Петр Абрамович – дальний Полин родственник, двоюродный брат ее отца, рано умершего от фронтовых ранений и контузий, но по жизни очень даже близкий. Помогал, чем мог, Полиной матери, до того момента, как та вторично замуж вышла. Пока пребывала в здравии жена Верховского, кандидат наук, физик, собиралась у них на праздники и дни рождения замечательная компания: еврейские пары и смешанные – у кого жена русская, у кого муж. Организовалось целое общество под названием «Зай Гезунд!». Вместе не только праздновали, но и отдыхать ездили, путешествовали на машинах, снимали на зиму дачи. Постоянно бывали в доме в Трехпрудном и Полина с Костей. Вел застолья на правах хозяина Петр Абрамович. Вот где луженая глотка пригодилась и умение призвать к порядку разгоряченную откровенными разговорами про политику (кого стесняться – все свои) и напитками публику (впрочем, пили у Верховских умеренно и пьяных, как правило, не было).
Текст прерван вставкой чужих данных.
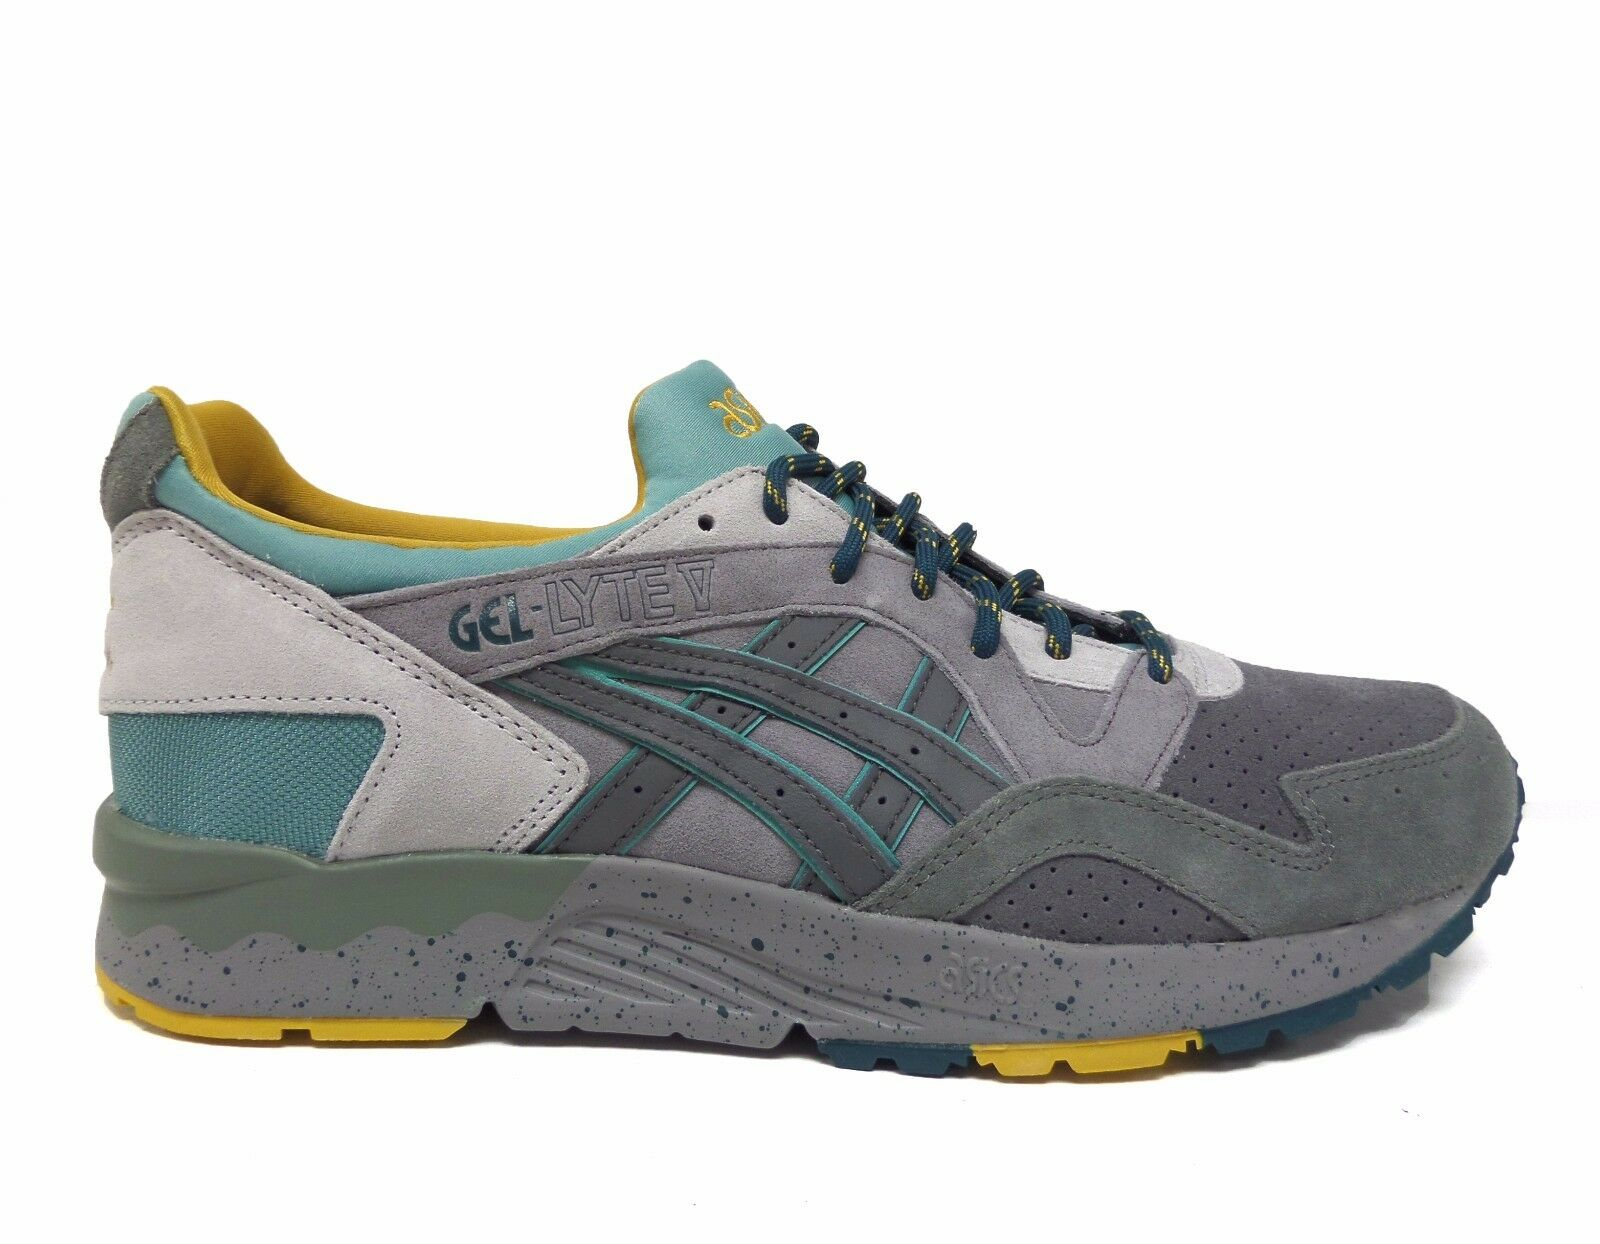 Asic / uomini gel-lyte / alluminio / Asic carbonio scarpe da corsa h7j4l-9697 b caf0c7

Тосты Петра Абрамовича нравились, хотя и не блистали глубиной и остроумием. Костя до ужаса не терпел в тостах занудства и преувеличенной серьезности, важности тона, потому неуютно чувствовал себя в кавказских застольях, где расписанность, заданность долгих хвалебных речей, их нарочитый пафос отдавали поминками; предпочитал он тосты короткие, с подколами, даже подъебками, конечно, не злыми, не обидными; в конце концов, негоже из пирушки дружеской партсобрание устраивать – все легко должно быть, непринужденно, весело. Петр Абрамович тоже так считал, однако витийствовал, иногда не в меру. Секрет был в интонации, с какой немудреные слова произносились, – искренней и предельно доброжелательной, без всяких штучек-дрючек, за это прощали ему повторы, трюизмы типа «пусть повторится встреча» или «самая большая радость – радость человеческого общения; это из Экзюпери», обычно добавлял тамада и выпивал водку своим фирменным способом – коротким, резким движением забрасывал рюмку в рот и, откинув седую гриву, одним махом вливал в себя содержимое.